As regards the mechanism for ensuring that the food actually becomes available to the poor, I would like to mention that the controversy is exactly the same as I mentioned last Friday while presenting my Private Member's Bill on Socialism. The controversy is precisely between the Arrow's Theorem, which says that no collective kind of organisation is possible, and the Amartya Sen's theory that at least in respect of hunger, education, health and similar other things, the Government has a role to play. And here it is being argued that the Government would have a role to play, and, in Amartya Sen's terms, it will have to be an efficient State action in favour of the poor in order to ensure public distribution. Now, the problem, Sir, is that an efficient public distribution is a contradiction in term; it doesn’t exist. And so many people have spoken here, so many people have pointed out that there is a lot of diversion of food grains, diversion of kerosene, and every possible method, modus operandi of corruption and diversion is used in the system of Public Distribution. This was understood very early in the 1950's by the great Rafi Ahmed Kidwai, who, even in those days, as early as 1951, when we had not really attained food self-sufficiency, advised that the rationing system should be scrapped. Unfortunately, at that time, the Food Corporation of India and the Rationing System had become such a vast vested interest that they did not allow late Rafi Ahmed Kidwai to have his own way, and, therefore, we continued to have the Public Distribution System in different forms.
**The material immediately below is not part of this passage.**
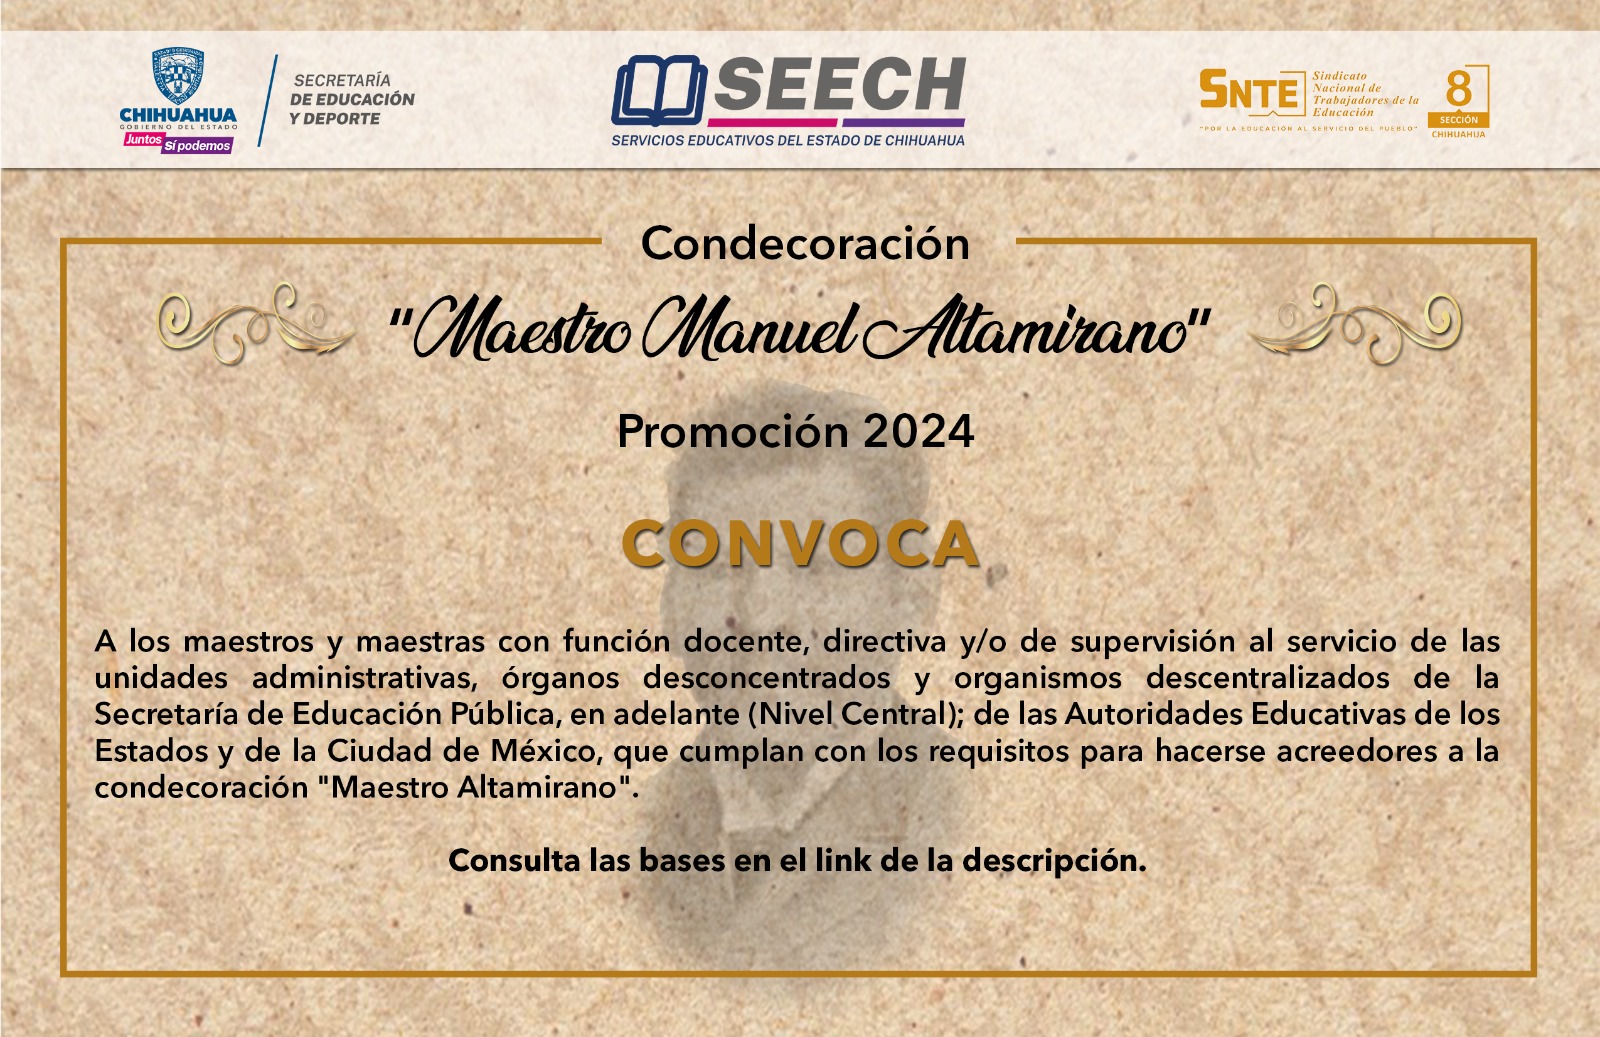 CONDECORACIÓN MAESTRO MANUEL ALTAMIRANO

After 1997, we are talking of a Targeted Public Distribution System. Now, when it is targeted, I was wondering why is it that we, who in the case of reservation of posts or reservation in jobs or reservation in educational institutions, consider Scheduled Castes and Scheduled Tribes as the nodal backward classes and refuse to accept the economic criteria for reservation?
Why is it that in the case of BPL and Public Distribution System, we prefer to have an economic criterion? Why not put all Scheduled Castes, Scheduled Tribes and OBCs, if they are, in the targeted groups? If they are, according to us, the targeted section of society, then, in order to ensure social justice, it would have been a much more effective targeting, if we had included all the Scheduled Castes, Scheduled Tribes and OBCs into it. When you put BPL, then even if the Panchayat of village sits there and they try to point out who is poor, the kind of discussion that takes place, even in a village panchayat is really disgusting. There is an unseemly competition even amongst the well-to-do to claim that they are poor and they are Below Poverty Line. If this is the position, I don't think that targeting the Public Distribution System better and better is going to improve the performance. Targeting it better and better is having a dart board which has a target which is narrower and narrower; it only makes the possibility of missing the aim larger and larger. What is important is what kind of a delivery system you have. If you want to win the dart, then, you have to have a system where you aim it properly and not have a better target.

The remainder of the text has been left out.